They'll give you a cert for free.
For vulnerability reporting, that's one sentence on a readme on your project page.
And another one that's common is knowing just the basics about secure design and common errors. And that's really just knowing kind of the basic principles, such as from Salter and
Schroeder, and knowing things like the OWASP top 10, what they are, how to counter them.
They aren't hard to do, but they're the sort of thing they're, oh, wait, we're, you know,
and while we could back off on those things, no one is actually suggesting that we should.
It's just that there's a number of projects that don't meet those sorts of things.
And so what we're trying to do is help, instead of changing the criteria, we're trying to help the projects actually meet them, which is going to be good for everybody.
All right, best to take a quick break here real quick.

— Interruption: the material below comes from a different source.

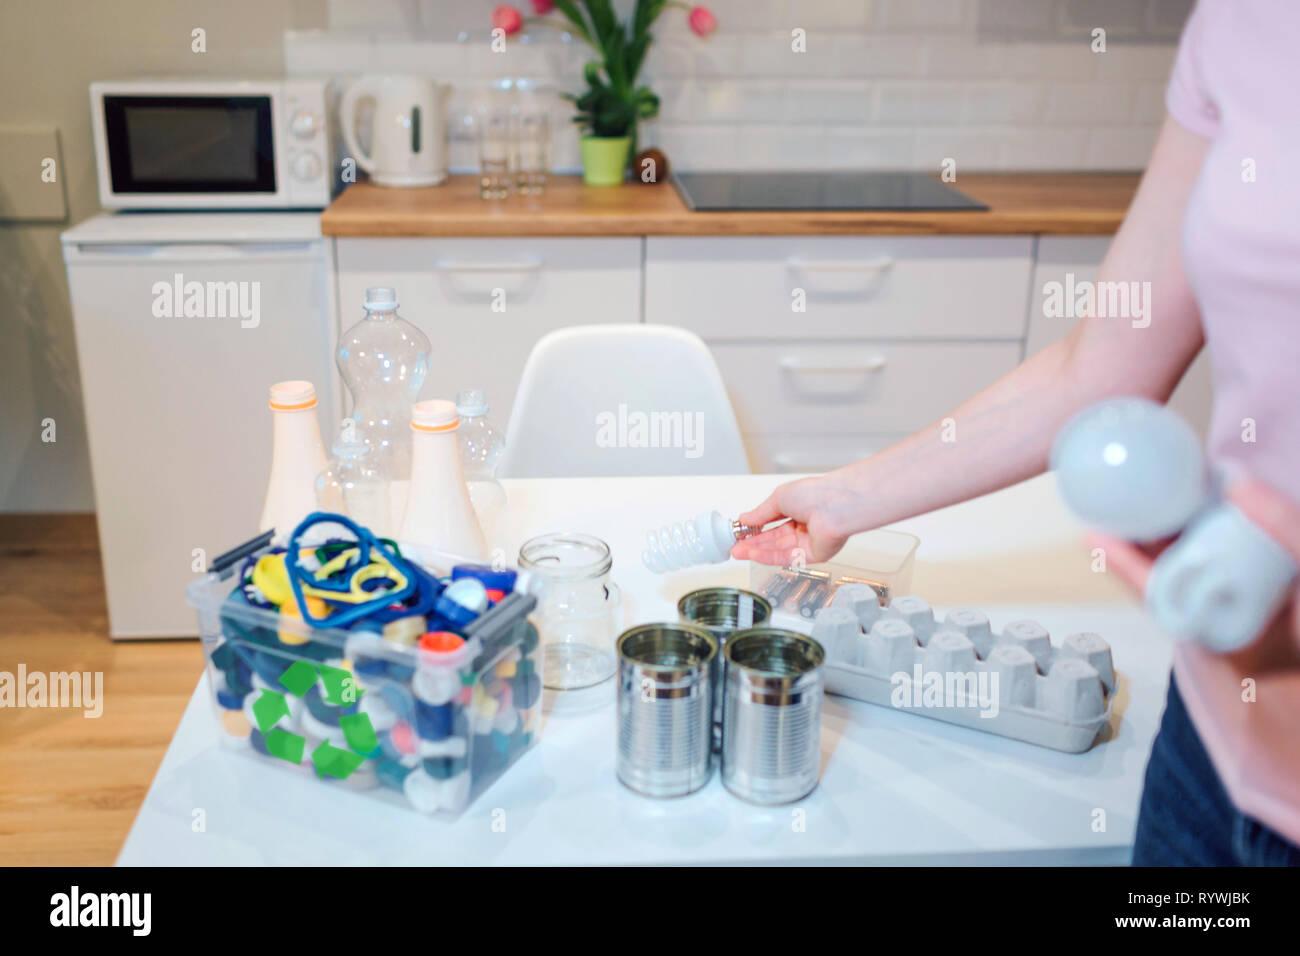 Reciclaje. Surtido de metal, plástico, vidrio, papel, residuos electrónicos sobre la mesa de la cocina Imagen De Stock

When we come back, we have a couple of questions, I guess, mainly around not so much just the motivations, but also maybe how they maintain.
You know, for example, if someone gets to 100 percent and they get the badge and all that good stuff and they prove they're certified, they follow these best practices.

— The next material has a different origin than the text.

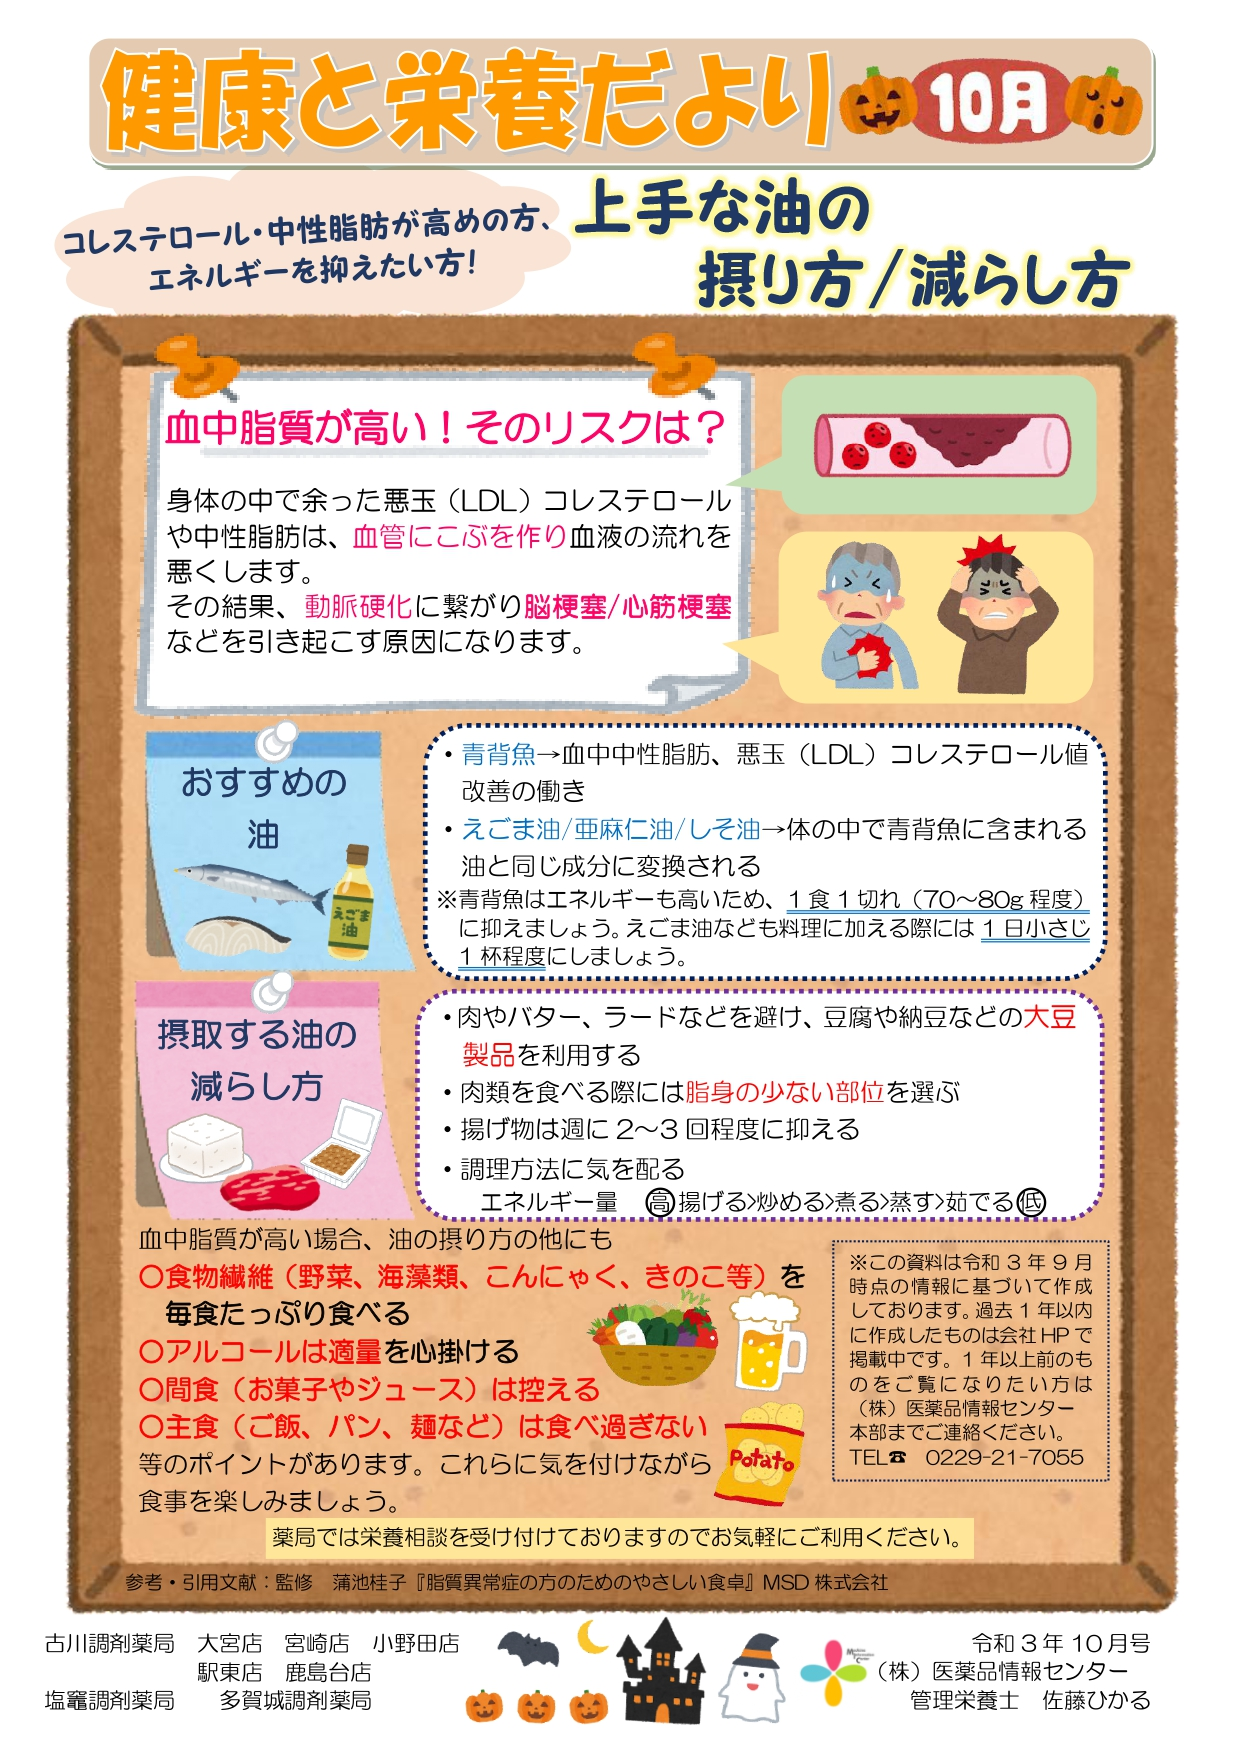 パンフレット用 R3.10月 脂質異常症(油の摂り方)_page-0001

I'm curious on the the follow up, the, you know, kind of the checks and balances over the years, how that and how that works out.
But we'll take this break and we come back to that.
Every Saturday morning,
we ship an email called Change Law Weekly.

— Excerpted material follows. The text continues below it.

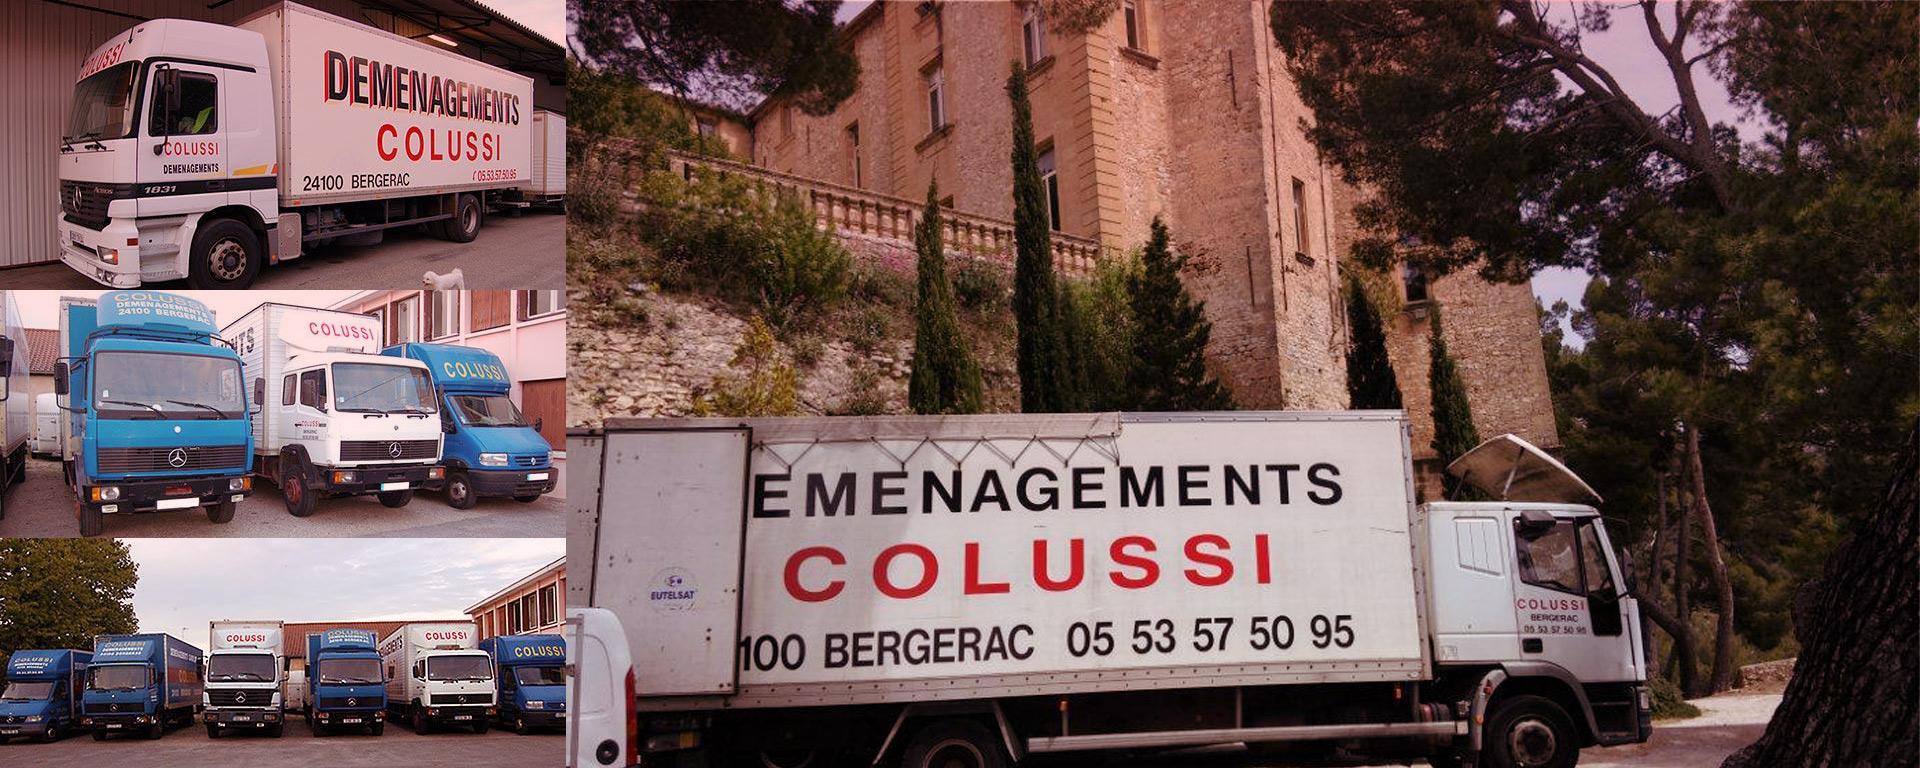 COLUSSI DEMENAGEMENTS - Déménageur depuis 50 ans

It's our editorialized take on what happened this week
in open source and software development.
It's not generated by a machine.
There's no algorithms involved.
It's me, it's Jared,
hand curating this email,
keeping up to date with the latest headlines,
links, videos, projects, and repos.
And to get this awesome email in your inbox
every single week,
head to changelog.com slash weekly and subscribe.
So we're back with David A. Wheeler
and we're talking about this great badge initiative
to show off the best
practices of core infrastructure out there. Obviously, as an industry, we're blindsided
by heartbleed, so something had to be done, and this is obviously a great initiative.
But David, in the side chat here we had before in our break, I'm kind of curious about
the motivations, right? So if someone's trying to do this
with the best practices,
they're not just trying to get a badge.
What's the motivation for this?
What are they trying to show off
that they actually follow the best practices?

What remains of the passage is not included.